**Extracted information:**
-- Opening Marker --

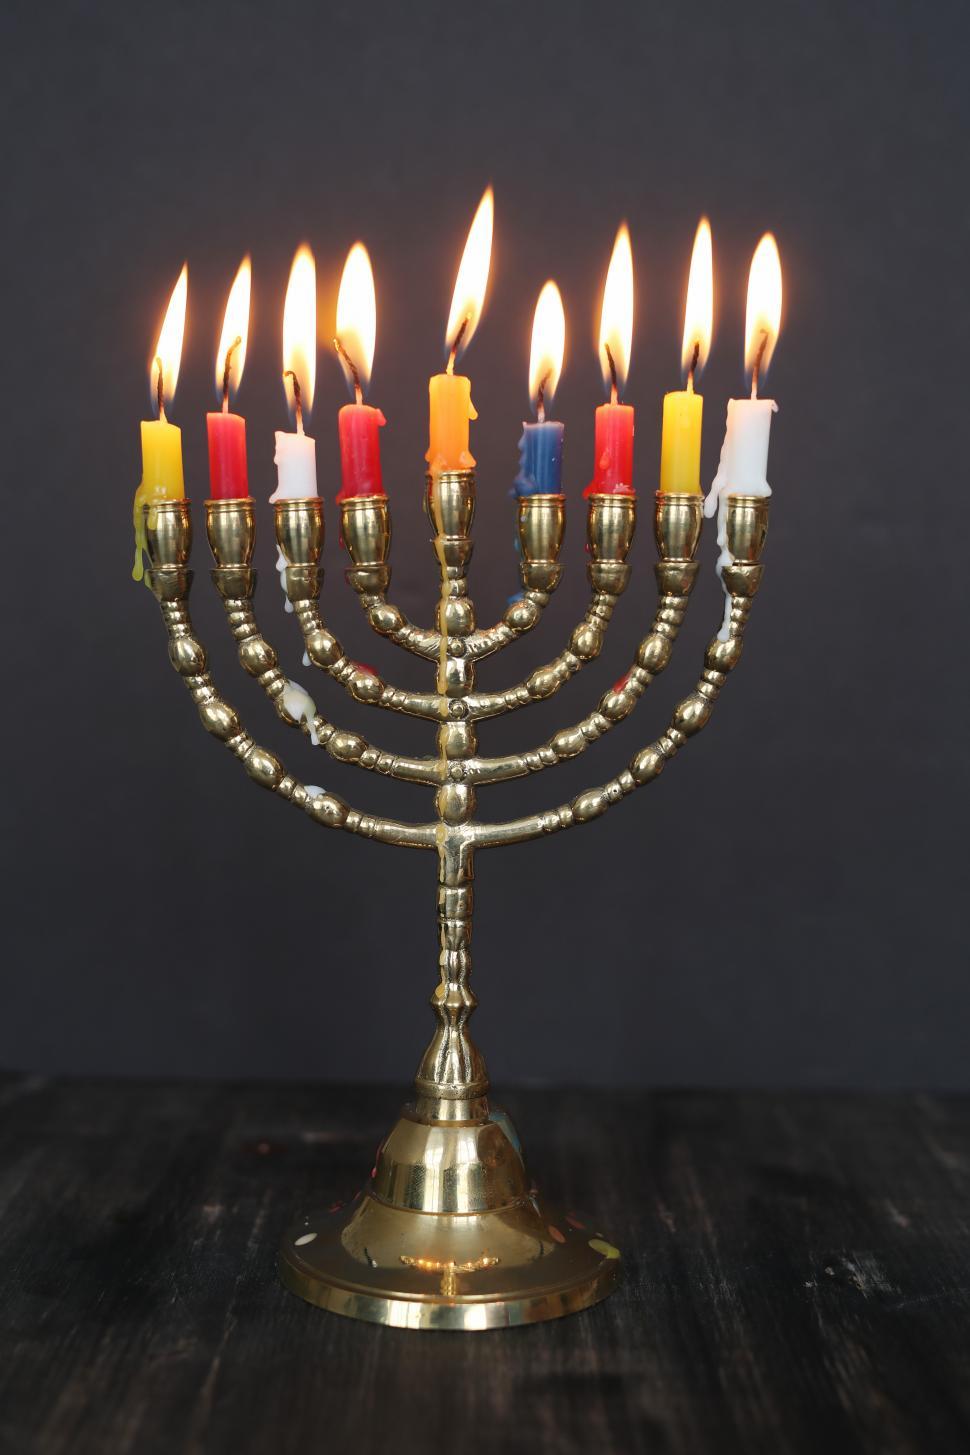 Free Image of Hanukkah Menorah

-- Closing Marker --
-- Opening Marker --

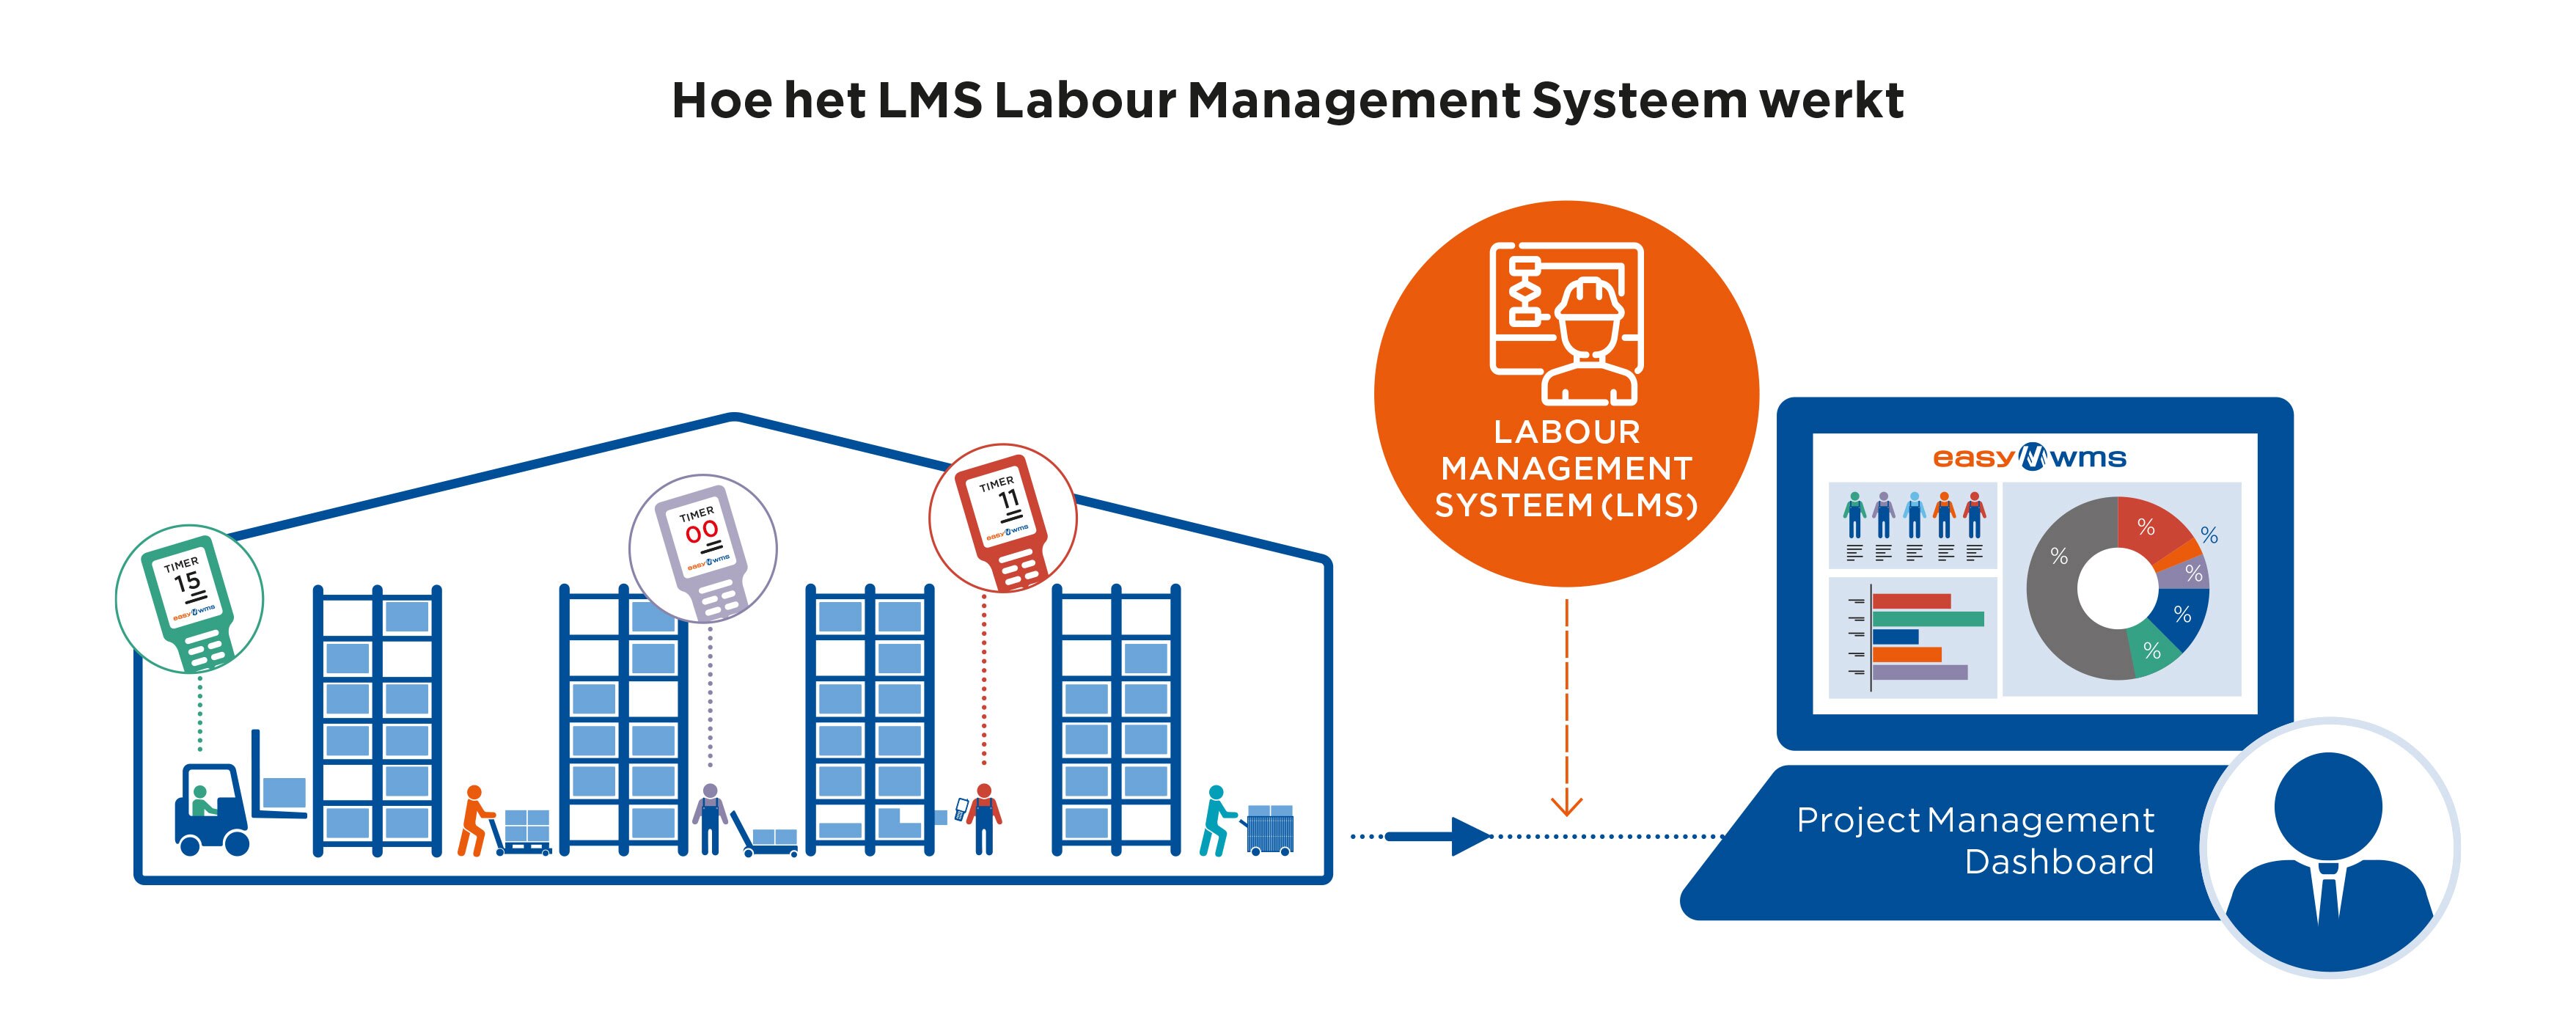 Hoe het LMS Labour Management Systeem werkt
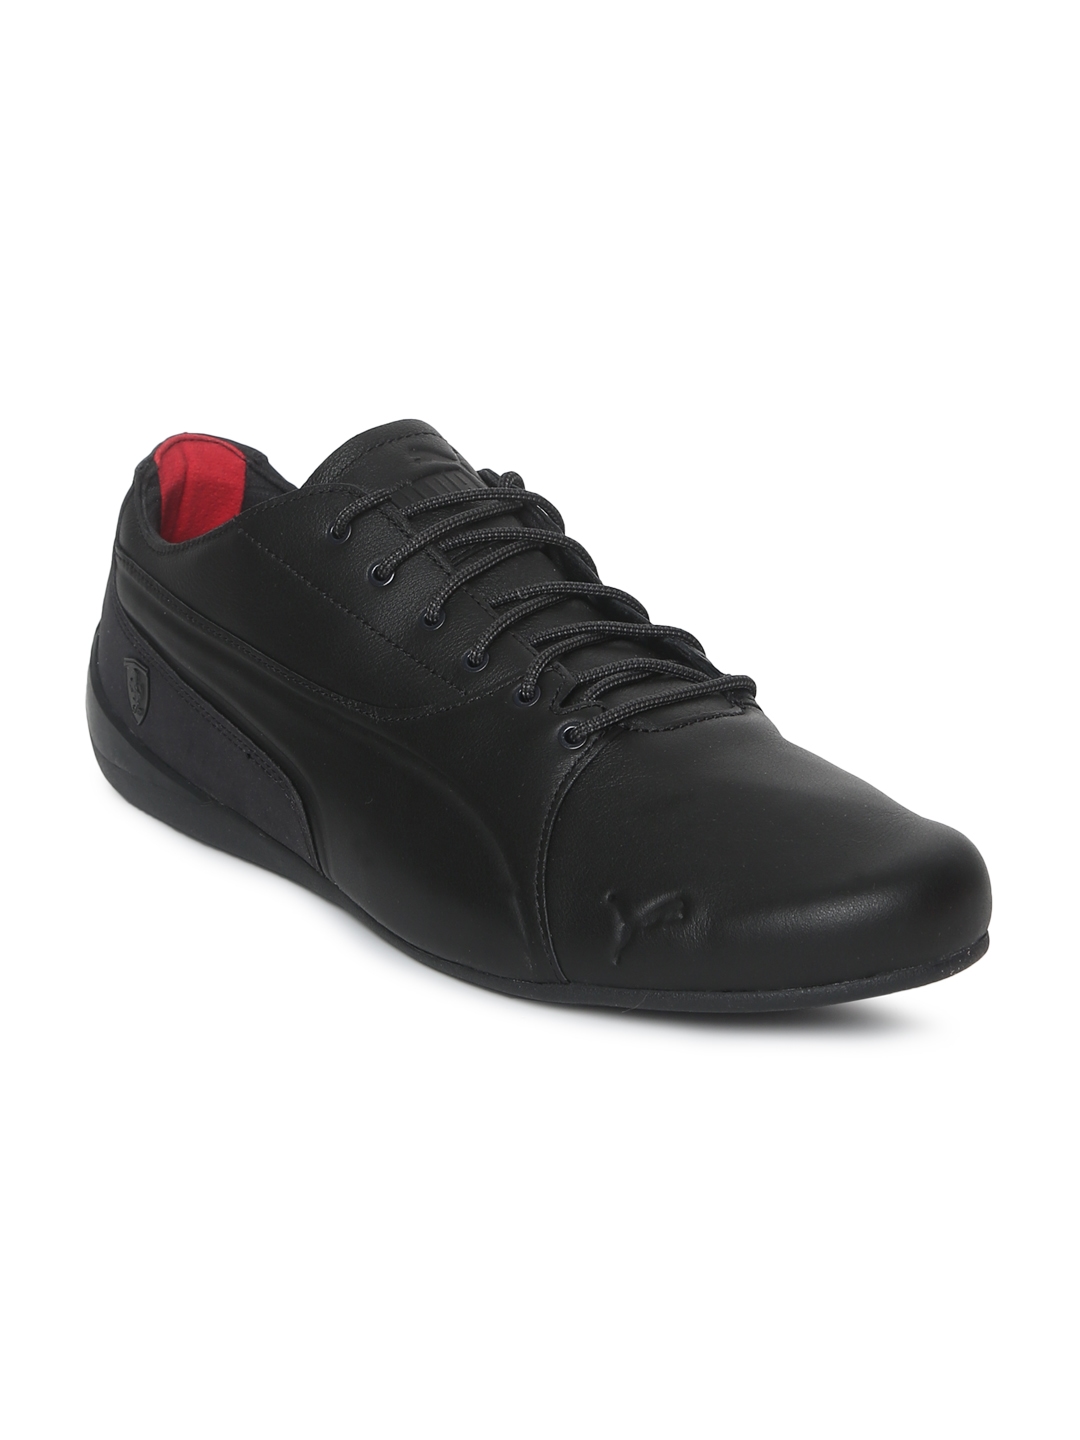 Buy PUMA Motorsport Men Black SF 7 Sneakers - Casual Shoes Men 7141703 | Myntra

-- Closing Marker --
-- Opening Marker --

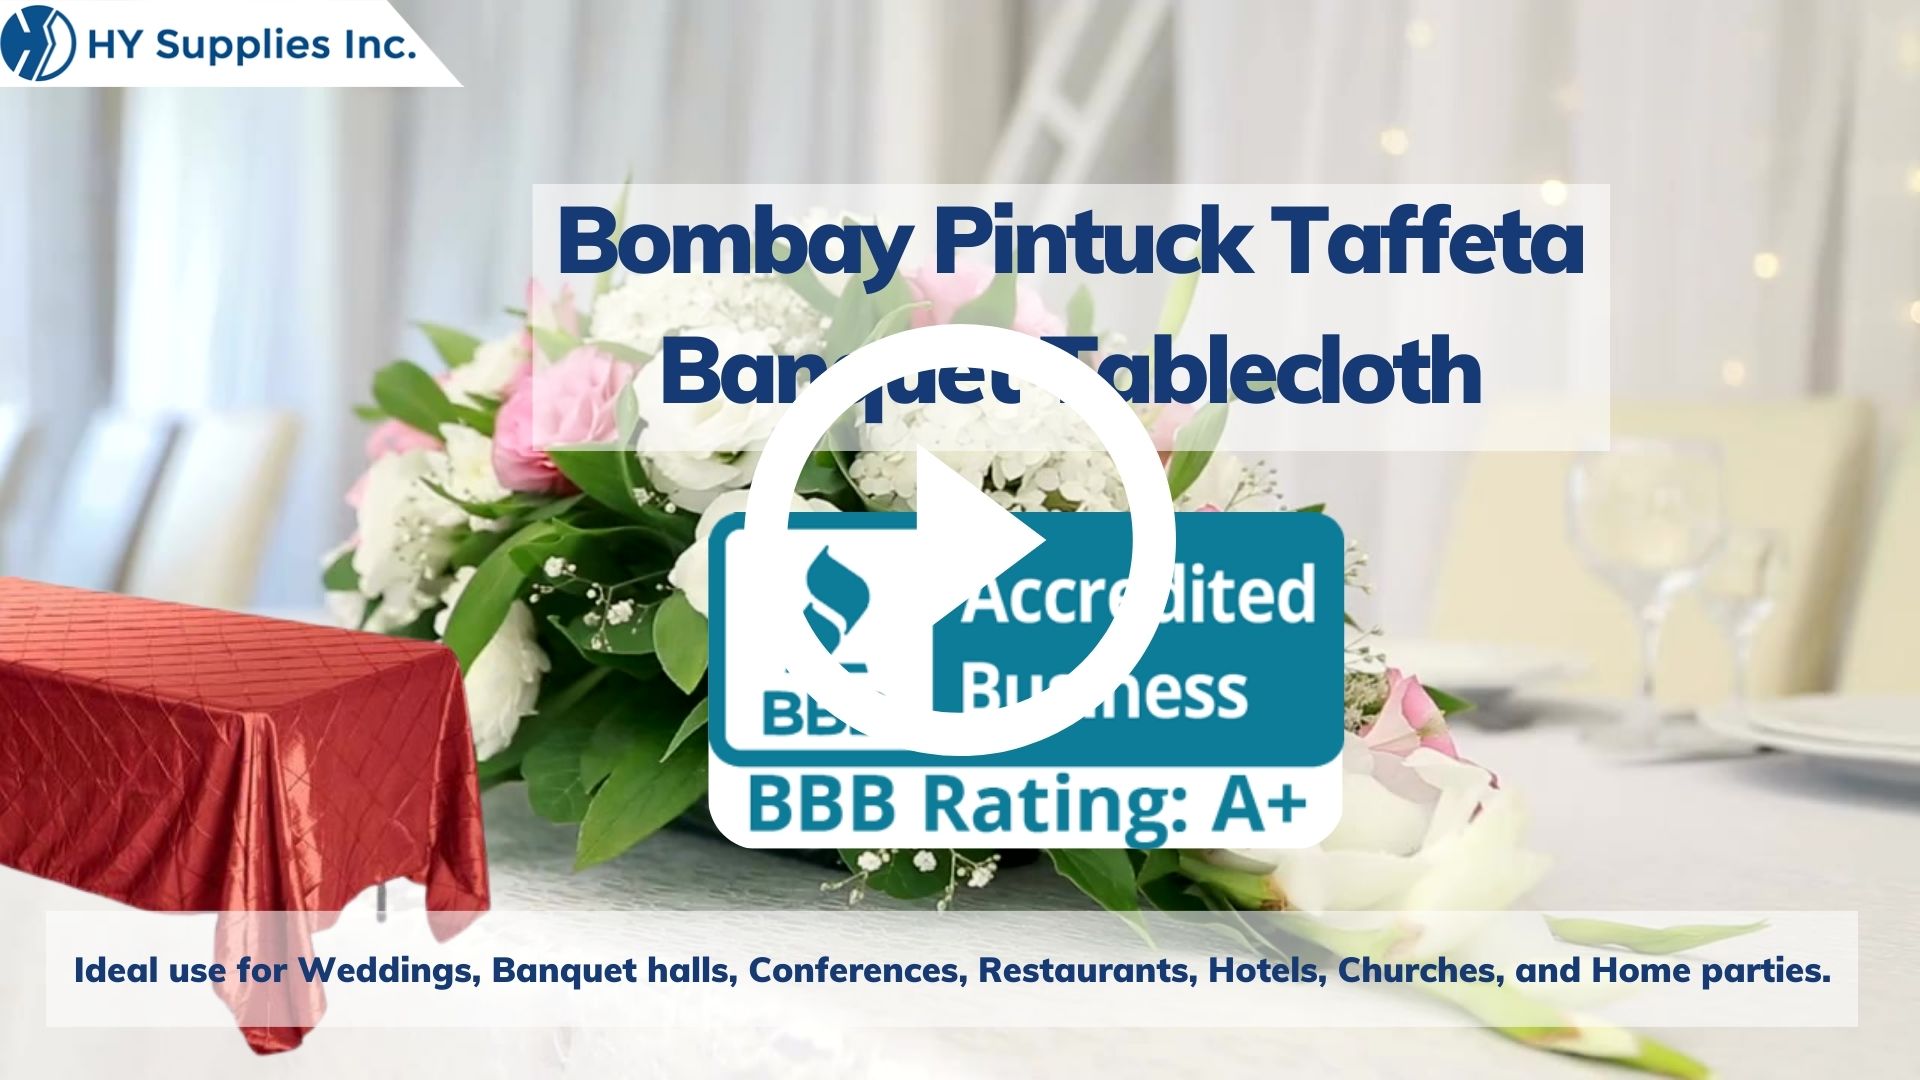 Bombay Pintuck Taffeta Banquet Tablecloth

-- Closing Marker --

Quote word for word only the lines above from the one containing "Hoe het LMS Labour Management Systeem werkt" through the one containing "Buy PUMA Motorsport". Pictures stay out of your copy.

 Hoe het LMS Labour Management Systeem werkt
 Buy PUMA Motorsport Men Black SF 7 Sneakers - Casual Shoes Men 7141703 | Myntra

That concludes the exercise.